[What to do]
In the records below, find the line that contains "Eaton C22S-DL-XR-K01-24 Eaton" and the line that contains "años! Happy Birthday!". Set down exactly those lines and every line between them, and nothing more.

[Provided information]
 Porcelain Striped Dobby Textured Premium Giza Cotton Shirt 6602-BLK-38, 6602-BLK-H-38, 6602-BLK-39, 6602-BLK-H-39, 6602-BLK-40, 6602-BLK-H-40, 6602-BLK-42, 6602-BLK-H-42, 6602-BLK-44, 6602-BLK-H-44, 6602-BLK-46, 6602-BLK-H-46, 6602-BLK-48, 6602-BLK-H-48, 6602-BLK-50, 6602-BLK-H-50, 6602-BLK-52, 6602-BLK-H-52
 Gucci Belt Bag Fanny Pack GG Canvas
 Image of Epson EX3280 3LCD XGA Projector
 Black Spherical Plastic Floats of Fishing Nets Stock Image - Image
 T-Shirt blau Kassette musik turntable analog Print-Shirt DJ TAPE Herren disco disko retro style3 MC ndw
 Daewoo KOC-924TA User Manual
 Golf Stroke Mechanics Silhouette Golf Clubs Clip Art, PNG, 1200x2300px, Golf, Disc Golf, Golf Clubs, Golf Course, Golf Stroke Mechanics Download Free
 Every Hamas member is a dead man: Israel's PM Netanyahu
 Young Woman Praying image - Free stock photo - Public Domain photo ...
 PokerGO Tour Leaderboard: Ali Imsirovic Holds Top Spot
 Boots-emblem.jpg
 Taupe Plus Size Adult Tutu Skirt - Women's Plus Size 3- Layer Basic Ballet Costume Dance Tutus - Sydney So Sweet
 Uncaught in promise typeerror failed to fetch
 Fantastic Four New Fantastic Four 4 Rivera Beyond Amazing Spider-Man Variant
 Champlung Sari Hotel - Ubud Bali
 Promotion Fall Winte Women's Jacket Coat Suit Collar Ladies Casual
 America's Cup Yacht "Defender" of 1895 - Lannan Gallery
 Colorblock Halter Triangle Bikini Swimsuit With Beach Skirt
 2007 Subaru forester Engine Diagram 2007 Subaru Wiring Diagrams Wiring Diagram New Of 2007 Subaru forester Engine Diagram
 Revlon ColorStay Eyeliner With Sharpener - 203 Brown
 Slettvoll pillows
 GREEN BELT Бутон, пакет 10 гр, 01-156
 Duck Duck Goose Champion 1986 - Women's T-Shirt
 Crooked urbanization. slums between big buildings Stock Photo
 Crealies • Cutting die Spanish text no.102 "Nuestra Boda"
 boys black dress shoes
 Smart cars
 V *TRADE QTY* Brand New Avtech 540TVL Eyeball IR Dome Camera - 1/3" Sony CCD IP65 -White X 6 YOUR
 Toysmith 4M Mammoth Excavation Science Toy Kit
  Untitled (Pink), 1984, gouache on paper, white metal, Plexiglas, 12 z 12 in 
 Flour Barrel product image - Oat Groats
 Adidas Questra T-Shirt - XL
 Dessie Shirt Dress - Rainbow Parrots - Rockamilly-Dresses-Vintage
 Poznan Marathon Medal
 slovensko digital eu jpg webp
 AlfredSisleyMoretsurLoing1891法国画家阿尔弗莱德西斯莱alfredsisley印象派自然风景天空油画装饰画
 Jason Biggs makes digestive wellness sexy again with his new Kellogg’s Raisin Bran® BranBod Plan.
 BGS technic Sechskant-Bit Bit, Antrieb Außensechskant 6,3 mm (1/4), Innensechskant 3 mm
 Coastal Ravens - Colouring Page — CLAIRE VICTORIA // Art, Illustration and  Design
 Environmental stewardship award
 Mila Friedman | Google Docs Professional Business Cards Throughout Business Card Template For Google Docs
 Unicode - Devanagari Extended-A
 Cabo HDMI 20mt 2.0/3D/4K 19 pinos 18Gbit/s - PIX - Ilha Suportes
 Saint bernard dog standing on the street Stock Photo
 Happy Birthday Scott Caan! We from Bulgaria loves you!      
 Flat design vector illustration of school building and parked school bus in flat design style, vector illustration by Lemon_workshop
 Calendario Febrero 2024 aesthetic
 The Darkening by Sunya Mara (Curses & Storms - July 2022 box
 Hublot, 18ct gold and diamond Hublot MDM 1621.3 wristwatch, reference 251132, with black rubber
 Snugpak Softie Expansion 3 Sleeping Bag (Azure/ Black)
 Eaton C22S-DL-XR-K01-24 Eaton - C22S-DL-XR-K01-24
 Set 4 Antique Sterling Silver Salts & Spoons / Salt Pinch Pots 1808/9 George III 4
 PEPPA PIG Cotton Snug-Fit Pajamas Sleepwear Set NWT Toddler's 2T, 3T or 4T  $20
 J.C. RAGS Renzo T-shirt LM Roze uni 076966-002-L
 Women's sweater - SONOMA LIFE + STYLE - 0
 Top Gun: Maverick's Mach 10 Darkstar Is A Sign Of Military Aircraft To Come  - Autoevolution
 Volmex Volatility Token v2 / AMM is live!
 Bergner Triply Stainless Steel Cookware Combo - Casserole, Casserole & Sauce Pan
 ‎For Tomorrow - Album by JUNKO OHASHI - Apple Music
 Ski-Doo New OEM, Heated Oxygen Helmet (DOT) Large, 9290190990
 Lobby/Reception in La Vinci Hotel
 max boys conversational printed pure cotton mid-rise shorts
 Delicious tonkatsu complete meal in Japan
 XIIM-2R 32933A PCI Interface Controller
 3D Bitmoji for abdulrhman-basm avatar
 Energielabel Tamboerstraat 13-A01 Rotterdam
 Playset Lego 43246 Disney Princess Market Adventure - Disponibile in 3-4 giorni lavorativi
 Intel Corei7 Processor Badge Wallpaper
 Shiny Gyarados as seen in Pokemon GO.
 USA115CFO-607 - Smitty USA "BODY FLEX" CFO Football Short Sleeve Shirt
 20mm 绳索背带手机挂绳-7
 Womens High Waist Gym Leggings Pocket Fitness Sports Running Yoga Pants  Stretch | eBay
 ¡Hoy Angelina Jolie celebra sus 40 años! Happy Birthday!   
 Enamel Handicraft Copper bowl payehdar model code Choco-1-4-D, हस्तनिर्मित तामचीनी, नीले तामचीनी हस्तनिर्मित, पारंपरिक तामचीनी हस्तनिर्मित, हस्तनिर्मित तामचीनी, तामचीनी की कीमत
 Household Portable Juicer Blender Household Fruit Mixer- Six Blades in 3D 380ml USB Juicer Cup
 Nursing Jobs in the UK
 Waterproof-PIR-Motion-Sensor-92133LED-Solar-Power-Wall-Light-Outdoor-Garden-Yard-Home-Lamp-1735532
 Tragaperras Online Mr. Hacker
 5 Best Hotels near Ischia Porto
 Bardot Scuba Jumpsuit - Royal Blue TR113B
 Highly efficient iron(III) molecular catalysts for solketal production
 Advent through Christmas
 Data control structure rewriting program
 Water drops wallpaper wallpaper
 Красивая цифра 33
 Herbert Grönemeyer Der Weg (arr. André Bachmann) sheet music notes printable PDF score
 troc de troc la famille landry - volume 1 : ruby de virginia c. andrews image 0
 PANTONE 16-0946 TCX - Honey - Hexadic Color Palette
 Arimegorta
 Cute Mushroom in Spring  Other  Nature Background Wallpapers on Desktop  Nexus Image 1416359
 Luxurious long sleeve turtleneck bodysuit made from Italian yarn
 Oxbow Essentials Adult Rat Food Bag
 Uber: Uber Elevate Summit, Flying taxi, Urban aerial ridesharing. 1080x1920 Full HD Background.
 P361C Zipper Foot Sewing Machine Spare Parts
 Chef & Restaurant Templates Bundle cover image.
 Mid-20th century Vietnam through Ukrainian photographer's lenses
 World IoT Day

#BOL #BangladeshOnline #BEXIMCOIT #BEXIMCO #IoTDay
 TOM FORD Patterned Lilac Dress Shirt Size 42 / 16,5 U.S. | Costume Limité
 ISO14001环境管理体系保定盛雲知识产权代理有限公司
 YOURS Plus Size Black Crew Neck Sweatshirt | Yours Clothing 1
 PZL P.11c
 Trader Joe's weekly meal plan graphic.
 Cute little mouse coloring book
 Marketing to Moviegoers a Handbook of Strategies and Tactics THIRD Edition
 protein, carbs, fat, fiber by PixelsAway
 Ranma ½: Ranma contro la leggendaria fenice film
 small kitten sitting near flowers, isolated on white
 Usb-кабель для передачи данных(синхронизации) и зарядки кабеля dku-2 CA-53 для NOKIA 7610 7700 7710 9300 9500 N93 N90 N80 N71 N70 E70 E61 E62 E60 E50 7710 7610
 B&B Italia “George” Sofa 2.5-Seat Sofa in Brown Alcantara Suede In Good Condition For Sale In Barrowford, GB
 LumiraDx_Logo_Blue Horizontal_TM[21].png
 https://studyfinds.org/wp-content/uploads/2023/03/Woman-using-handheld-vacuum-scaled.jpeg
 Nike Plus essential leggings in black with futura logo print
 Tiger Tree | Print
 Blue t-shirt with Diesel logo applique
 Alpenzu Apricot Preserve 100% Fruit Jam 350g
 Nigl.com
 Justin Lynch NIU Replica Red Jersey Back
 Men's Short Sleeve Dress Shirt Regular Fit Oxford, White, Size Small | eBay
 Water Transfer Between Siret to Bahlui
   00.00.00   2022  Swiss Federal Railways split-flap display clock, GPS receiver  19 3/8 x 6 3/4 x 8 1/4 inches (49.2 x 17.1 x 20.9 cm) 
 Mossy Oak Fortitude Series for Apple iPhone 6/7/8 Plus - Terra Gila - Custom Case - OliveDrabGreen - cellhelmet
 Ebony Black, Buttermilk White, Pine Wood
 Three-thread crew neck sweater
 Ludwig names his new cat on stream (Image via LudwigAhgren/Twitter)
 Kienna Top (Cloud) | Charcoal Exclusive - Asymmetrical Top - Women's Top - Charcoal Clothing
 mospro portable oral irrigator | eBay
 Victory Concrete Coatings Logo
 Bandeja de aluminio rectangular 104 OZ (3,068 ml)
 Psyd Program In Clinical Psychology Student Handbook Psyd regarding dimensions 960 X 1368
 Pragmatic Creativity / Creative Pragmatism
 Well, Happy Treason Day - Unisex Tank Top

[Reply to the exercise]
 Eaton C22S-DL-XR-K01-24 Eaton - C22S-DL-XR-K01-24
 Set 4 Antique Sterling Silver Salts & Spoons / Salt Pinch Pots 1808/9 George III 4
 PEPPA PIG Cotton Snug-Fit Pajamas Sleepwear Set NWT Toddler's 2T, 3T or 4T  $20
 J.C. RAGS Renzo T-shirt LM Roze uni 076966-002-L
 Women's sweater - SONOMA LIFE + STYLE - 0
 Top Gun: Maverick's Mach 10 Darkstar Is A Sign Of Military Aircraft To Come  - Autoevolution
 Volmex Volatility Token v2 / AMM is live!
 Bergner Triply Stainless Steel Cookware Combo - Casserole, Casserole & Sauce Pan
 ‎For Tomorrow - Album by JUNKO OHASHI - Apple Music
 Ski-Doo New OEM, Heated Oxygen Helmet (DOT) Large, 9290190990
 Lobby/Reception in La Vinci Hotel
 max boys conversational printed pure cotton mid-rise shorts
 Delicious tonkatsu complete meal in Japan
 XIIM-2R 32933A PCI Interface Controller
 3D Bitmoji for abdulrhman-basm avatar
 Energielabel Tamboerstraat 13-A01 Rotterdam
 Playset Lego 43246 Disney Princess Market Adventure - Disponibile in 3-4 giorni lavorativi
 Intel Corei7 Processor Badge Wallpaper
 Shiny Gyarados as seen in Pokemon GO.
 USA115CFO-607 - Smitty USA "BODY FLEX" CFO Football Short Sleeve Shirt
 20mm 绳索背带手机挂绳-7
 Womens High Waist Gym Leggings Pocket Fitness Sports Running Yoga Pants  Stretch | eBay
 ¡Hoy Angelina Jolie celebra sus 40 años! Happy Birthday!   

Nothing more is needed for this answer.